I'm developing a Zend MVC on my local machine, and am using a DreamHost site for staging. As per the zend quick start, on my local machine I set my APPLICATION_ENV to development from within a .htaccess file in the public directory of the project, like this:
myproject/public/.htaccess contains this line,
"SetEnv APPLICATION_ENV development"
This works just fine locally. But when I try to use my app_env in my staging server it's not there to use. This thread suggested that perhaps suexec was running in the background. I did some digging and sure enough, Dreamhost blocks custom environment variables.
I tried the first workaround that DH suggested, by prepending "HTTP_" to "APPLICATION_ENV", and then adding another conditional within public/index.php to check for both the original and the dreamhost version.

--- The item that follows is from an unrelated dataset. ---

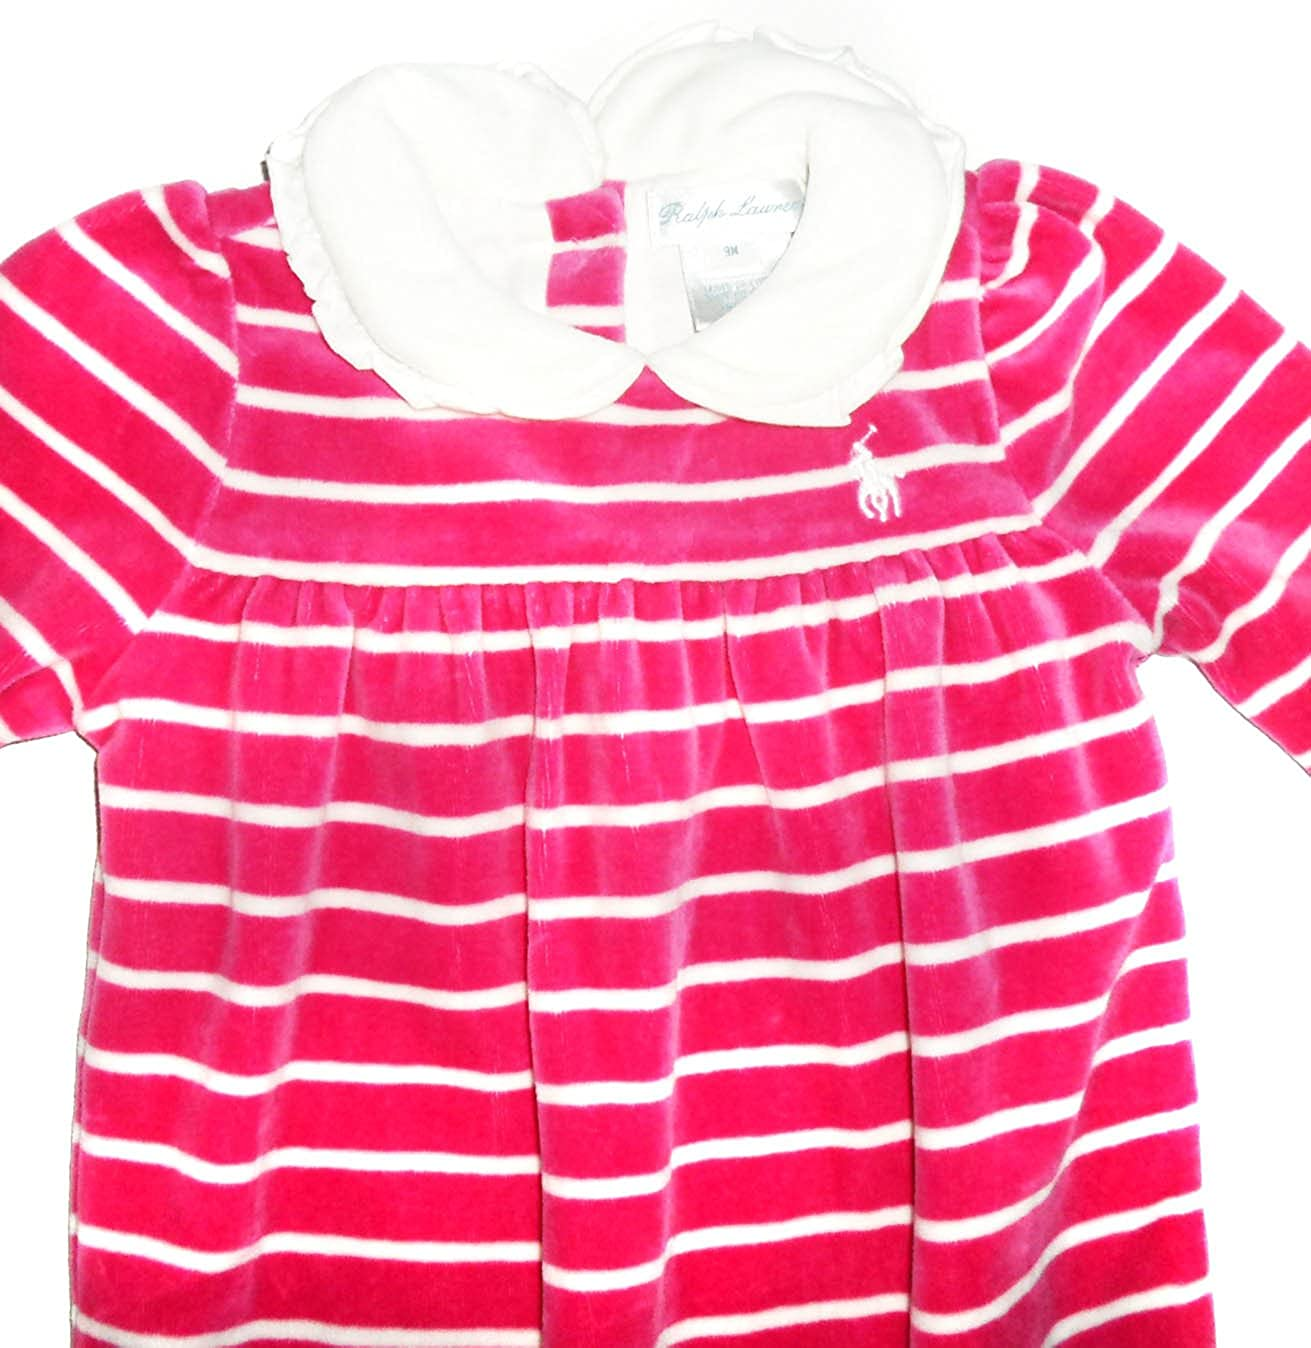 8ed9c72f2 Ralph Lauren New Genuine Baby Girls Pink Velvet Babygrow Playsuit - 70002 (9  Months)  Amazon.co.uk  Clothing

// Define application environment
defined('APPLICATION_ENV') || define('APPLICATION_ENV',
(getenv('APPLICATION_ENV') ? getenv('APPLICATION_ENV') :
(getenv('HTTP_APPLICATION_ENV') ? getenv('HTTP_APPLICATION_ENV') : 'production')));
This didn't seem to work for me. Even in ssh, when I run 'env' in the command line, my application_env isn't listed. Since I'm not working with CGI script I didn't bother with the second and third workarounds.
tl;dr
So, as far as I understand it, my options are to either create my own config system (save app_env to a different file, load that file in public/index.php which seems like more work than it's worth considering option 2) or just 'hard' code the app_env into the default position - meaning, instead of 'production' in the code example above it would just say 'staging'. If I went with the latter, I'd have to .gitignore my public/index.php file, which just seems a little strange. Before this, I've never had to change that file and would assume that it's better if I don't mess with it, let alone completely leave it outside of my repository. Thoughts? Suggestions? Further workarounds?